Astatine-211 (²¹¹At) stands out as a compelling TAT radioisotope, presenting a judicious balance of favorable characteristics [141]. With a half-life of 7.2 hours, ²¹¹At is endowed with an optimal temporal window for therapeutic applications. Importantly, unlike the other TAT isotopes, its decay series exhibit an absence of toxic daughters, a crucial consideration in ensuring the safety and efficacy of cancer treatments. Furthermore, ²¹¹At offers the practical advantage of feasible production in clinically relevant amounts, enhancing its accessibility for potential clinical applications. These attributes collectively position ²¹¹At as a promising contender in the expanding range of alpha-emitting radionuclides for targeted therapies.
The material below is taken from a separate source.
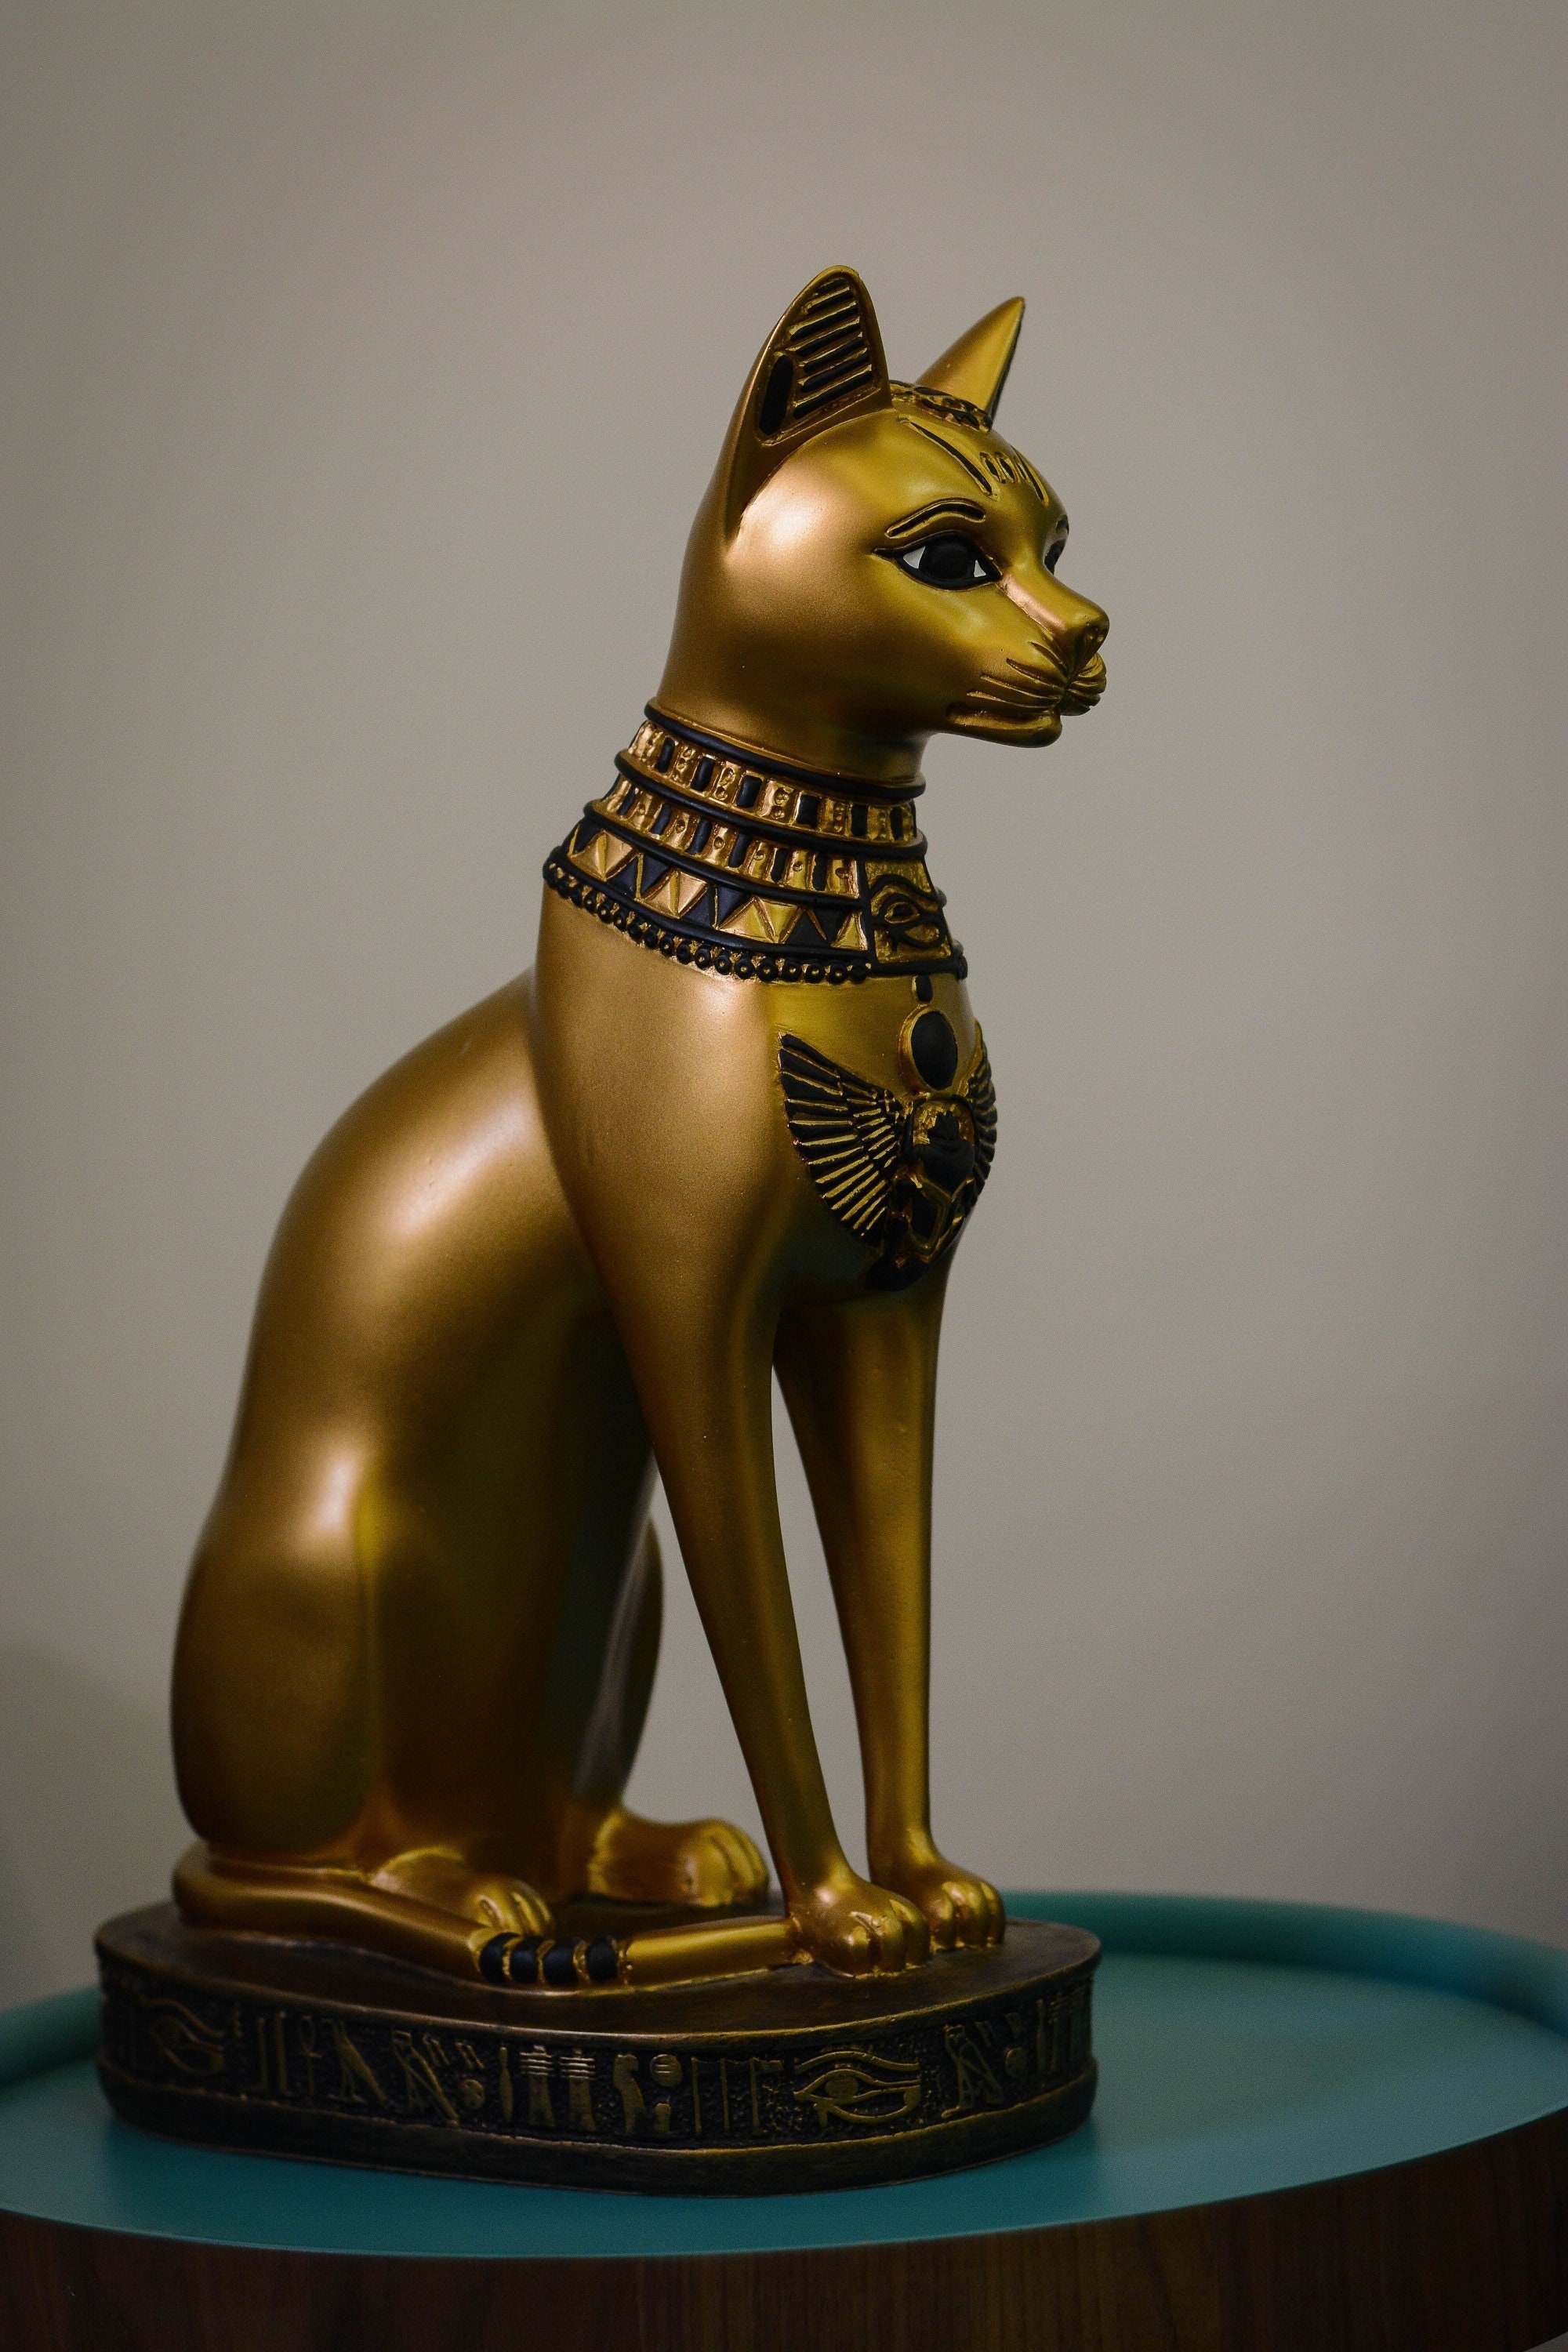 Golden Cheetah Statue Luxurious Gold Plated Cheetah Sculpture Luxurious  Animal Figurines Art Sculpture Handmade Custom Gift Decor

The decay process of ²¹¹At involves two branches (Figure 10). The first decay branch (42% decay) leads to the generation of ²⁰⁷Bi (t½ = 32.9 years) and the emission of an α-particle (5.9 MeV). The ²⁰⁷Bi subsequently decays by electron capture to ²⁰⁷Pb. The second decay branch (58% decay) facilitated by electron capture produces ²¹¹Po (t½ = 516 milliseconds), which subsequently undergoes decay to ²⁰⁷Pb, emitting an α-particle (7.4 MeV).

 Figure 9 

Schematic presentation of the decay series of Thorium-227 and Radium-223.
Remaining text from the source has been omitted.